*** Opening of RECORD SET ***
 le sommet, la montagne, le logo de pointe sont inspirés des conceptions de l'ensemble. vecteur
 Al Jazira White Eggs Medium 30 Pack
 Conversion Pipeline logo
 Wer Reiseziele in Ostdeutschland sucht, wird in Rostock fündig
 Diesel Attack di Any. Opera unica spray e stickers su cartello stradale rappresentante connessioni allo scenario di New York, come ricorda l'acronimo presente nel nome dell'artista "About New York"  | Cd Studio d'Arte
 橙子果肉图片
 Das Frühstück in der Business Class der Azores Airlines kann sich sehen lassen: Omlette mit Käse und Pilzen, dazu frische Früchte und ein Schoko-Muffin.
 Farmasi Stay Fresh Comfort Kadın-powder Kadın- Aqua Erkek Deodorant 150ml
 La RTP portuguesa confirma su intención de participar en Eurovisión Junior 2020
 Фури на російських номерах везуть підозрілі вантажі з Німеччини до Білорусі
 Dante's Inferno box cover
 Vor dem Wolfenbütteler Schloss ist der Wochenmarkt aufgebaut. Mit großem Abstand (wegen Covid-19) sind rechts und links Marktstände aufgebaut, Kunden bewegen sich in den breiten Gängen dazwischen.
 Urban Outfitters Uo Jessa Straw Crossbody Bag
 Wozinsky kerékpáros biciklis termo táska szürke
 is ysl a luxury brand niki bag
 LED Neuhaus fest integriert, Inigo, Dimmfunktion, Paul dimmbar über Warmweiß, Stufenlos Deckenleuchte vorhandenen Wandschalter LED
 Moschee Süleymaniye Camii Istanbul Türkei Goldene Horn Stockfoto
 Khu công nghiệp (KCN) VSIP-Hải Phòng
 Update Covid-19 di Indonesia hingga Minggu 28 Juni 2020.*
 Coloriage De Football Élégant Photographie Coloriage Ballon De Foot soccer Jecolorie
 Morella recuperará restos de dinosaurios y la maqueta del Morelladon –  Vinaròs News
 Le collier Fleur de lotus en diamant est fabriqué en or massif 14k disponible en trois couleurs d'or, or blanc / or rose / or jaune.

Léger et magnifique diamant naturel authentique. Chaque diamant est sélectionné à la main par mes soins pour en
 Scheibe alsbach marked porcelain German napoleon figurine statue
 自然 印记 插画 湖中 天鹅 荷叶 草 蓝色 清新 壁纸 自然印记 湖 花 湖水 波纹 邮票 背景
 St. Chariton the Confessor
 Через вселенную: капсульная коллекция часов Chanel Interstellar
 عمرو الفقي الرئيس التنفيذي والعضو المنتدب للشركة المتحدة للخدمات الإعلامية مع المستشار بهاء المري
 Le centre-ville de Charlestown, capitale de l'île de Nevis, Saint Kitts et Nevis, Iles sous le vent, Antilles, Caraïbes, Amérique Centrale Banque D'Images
*** Close of RECORD SET ***
◆ **WHAT YOU ARE ASKED TO DO**:
The lines from the start of the entries above through the line containing "Khu công nghiệp (KCN) VSIP-Hải Phòng" are the ones to return, please; copy them exactly and include both ends.

◆ **PROBLEM SOLUTION**:
 le sommet, la montagne, le logo de pointe sont inspirés des conceptions de l'ensemble. vecteur
 Al Jazira White Eggs Medium 30 Pack
 Conversion Pipeline logo
 Wer Reiseziele in Ostdeutschland sucht, wird in Rostock fündig
 Diesel Attack di Any. Opera unica spray e stickers su cartello stradale rappresentante connessioni allo scenario di New York, come ricorda l'acronimo presente nel nome dell'artista "About New York"  | Cd Studio d'Arte
 橙子果肉图片
 Das Frühstück in der Business Class der Azores Airlines kann sich sehen lassen: Omlette mit Käse und Pilzen, dazu frische Früchte und ein Schoko-Muffin.
 Farmasi Stay Fresh Comfort Kadın-powder Kadın- Aqua Erkek Deodorant 150ml
 La RTP portuguesa confirma su intención de participar en Eurovisión Junior 2020
 Фури на російських номерах везуть підозрілі вантажі з Німеччини до Білорусі
 Dante's Inferno box cover
 Vor dem Wolfenbütteler Schloss ist der Wochenmarkt aufgebaut. Mit großem Abstand (wegen Covid-19) sind rechts und links Marktstände aufgebaut, Kunden bewegen sich in den breiten Gängen dazwischen.
 Urban Outfitters Uo Jessa Straw Crossbody Bag
 Wozinsky kerékpáros biciklis termo táska szürke
 is ysl a luxury brand niki bag
 LED Neuhaus fest integriert, Inigo, Dimmfunktion, Paul dimmbar über Warmweiß, Stufenlos Deckenleuchte vorhandenen Wandschalter LED
 Moschee Süleymaniye Camii Istanbul Türkei Goldene Horn Stockfoto
 Khu công nghiệp (KCN) VSIP-Hải Phòng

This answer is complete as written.